䯄:a yellow horse with dark lips

騽:a horse with a yellow mane

駠:a red horse with a black mane

In contrast, we can see that there are only 143 characters employing the “horse” radical in the twentieth century dictionary 《辞海》[Ci Hai] (Sea of Words), and fewer than 80 such in the contemporary 《现代汉语词典》[Xiandai Hanyu Cidian] (Dictionary of modern Chinese Words) and the 《新华字典》[Xinhua Zidian] (Xinhui Dictionary), from which we may conclude that the majority of the 47,035 characters in 《康熙字典》[Kangxi Zidian] are now dead ones.

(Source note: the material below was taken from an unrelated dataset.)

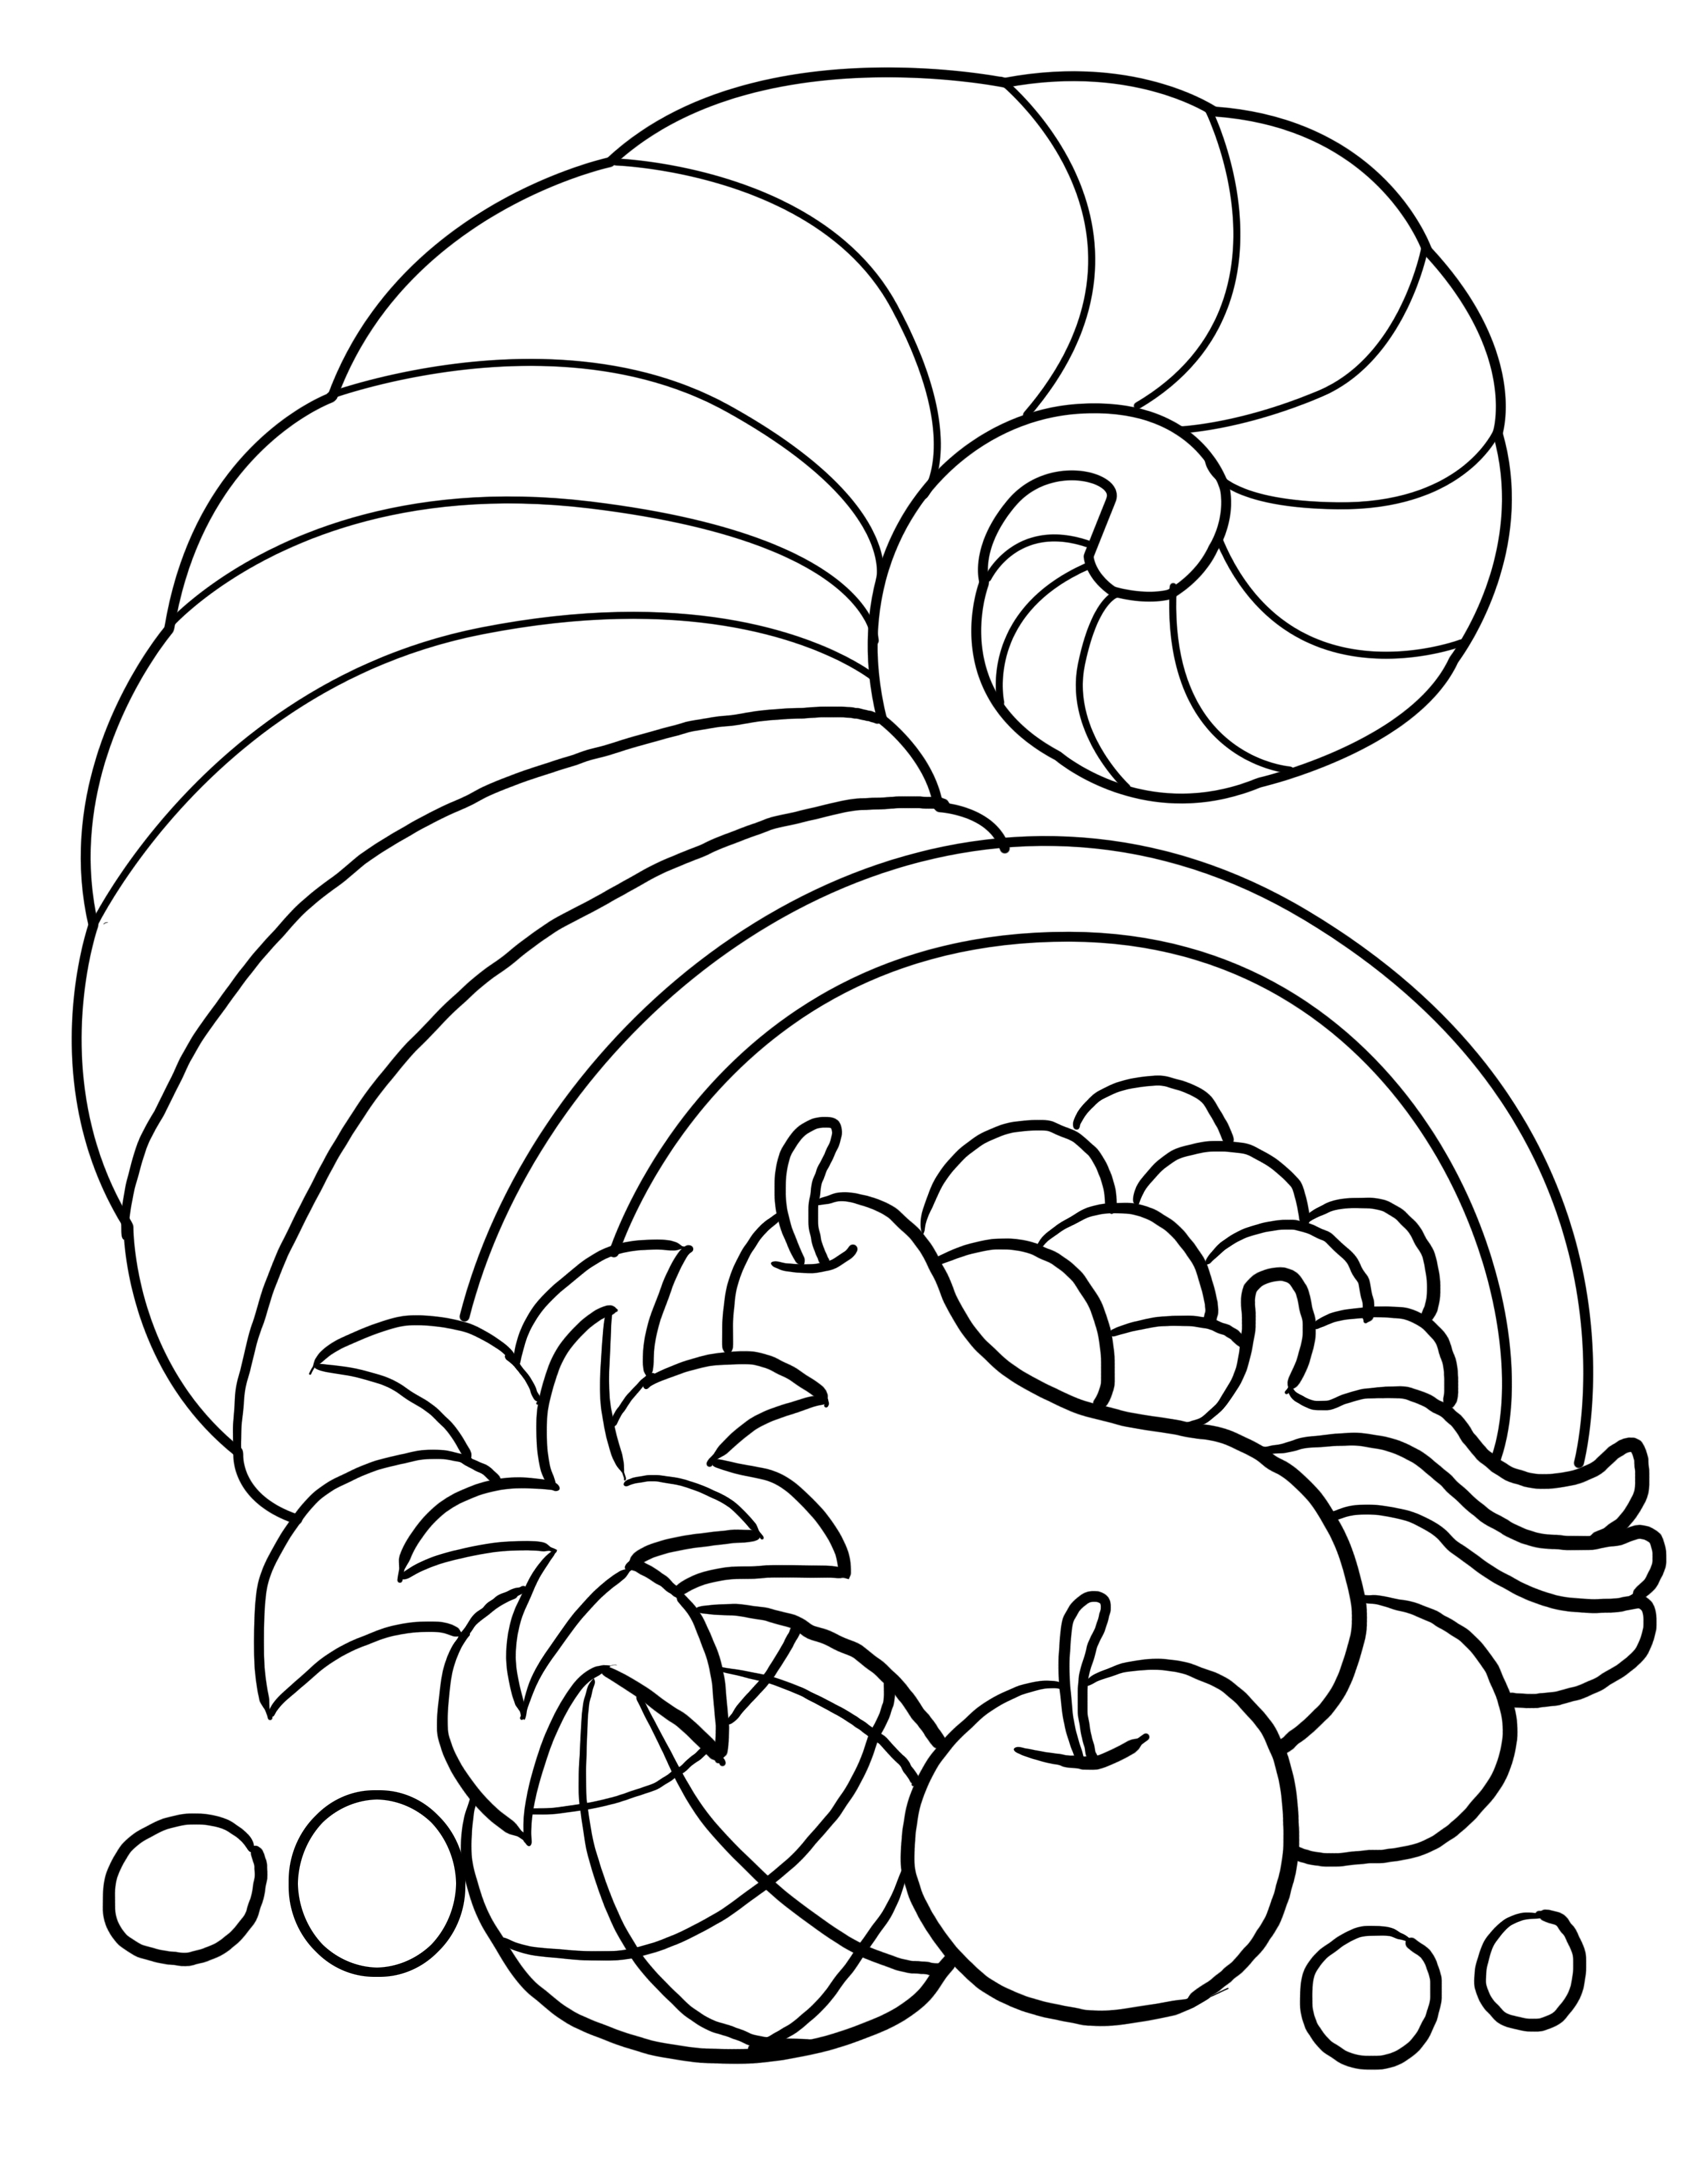 free-printable-thanksgiving-coloring-pages-for-kids-it-s-pam-del

(4) Special characters for words in dialects, colloquialisms, proper names of people and places, as well as many special words used for scientific and technological terminology all add to the number of Chinese characters. For example, 武则天[Wu Zetian], a  well-known empress of the Tang Dynasty, herself coined nineteen Chinese characters, including the character 曌[zhào], indicating that the sun and moon are shining in the heavens, which she used as her own name. Modern chemists have also coined quite a few new characters for the newly discovered Chemical elements, such as 铜[tóng] for actinium, 镅[méi] for americium, 镧[lán] for lanthanum, etc.

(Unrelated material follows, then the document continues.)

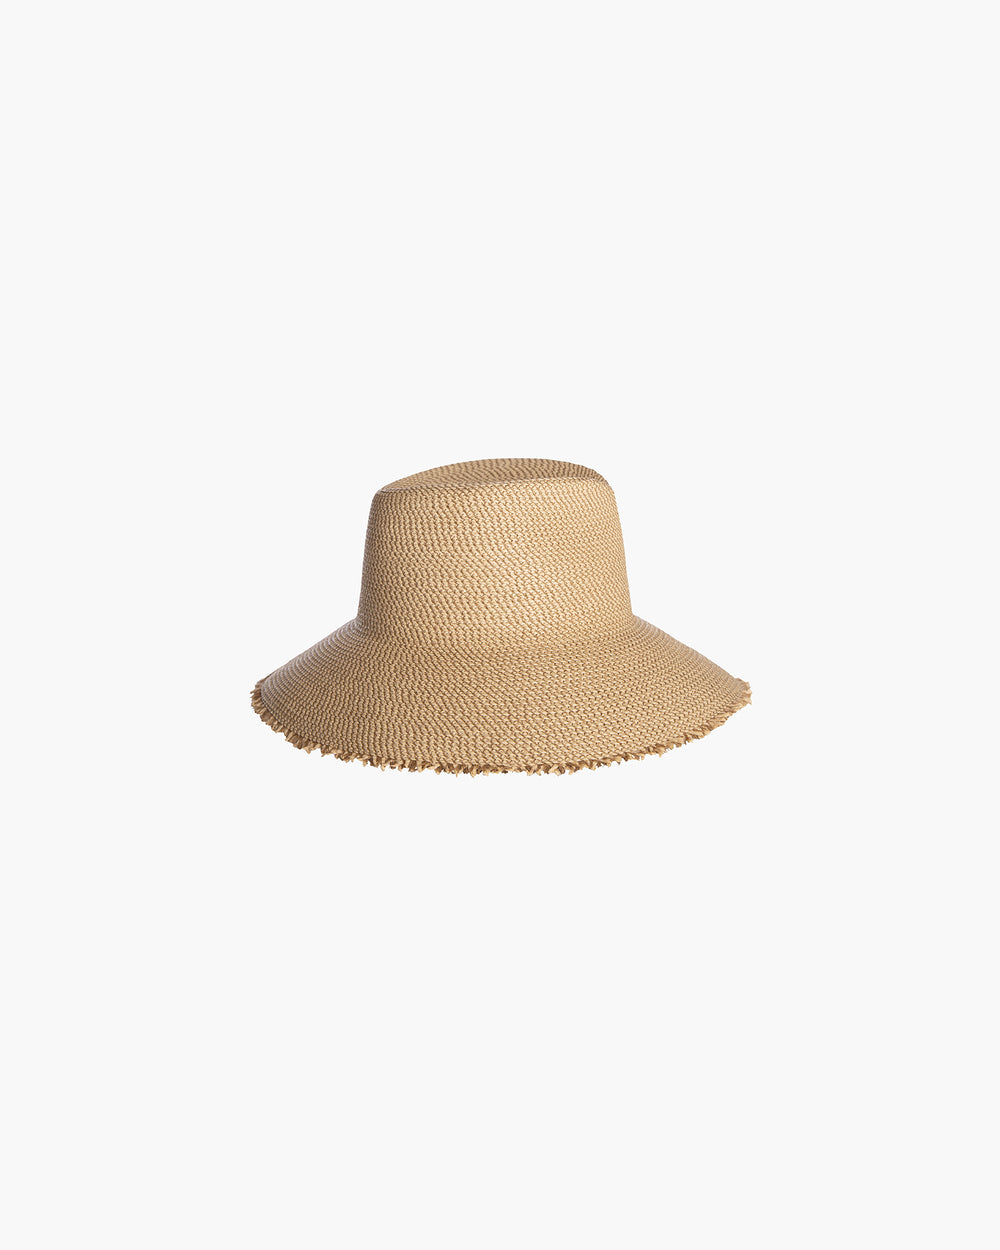 Squishee® A List｜Packable Fedora Hat ｜Eric Javits

The approximate figure of 100,000 characters mentioned earlier is simply the aggregate of all the characters which have ever appeared from past to present. Such a figure is not very meaningful in terms of its practical value. First, the alternate forms should be excluded from calculation, as they are merely variant ways of writing the same characters. Second, the large number of “dead” characters should also be excluded as those characters have become useless now. If these two types of characters are excluded, then the remainder of Chinese characters totals only between ten and twenty thousand. For example, the contemporary dictionary 辞海[Ci Hai] contains 14,872 characters, which still includes a number of variant forms and dead characters. Thus we may say that the number of Chinese characters of practical value today is between ten and twenty thousand.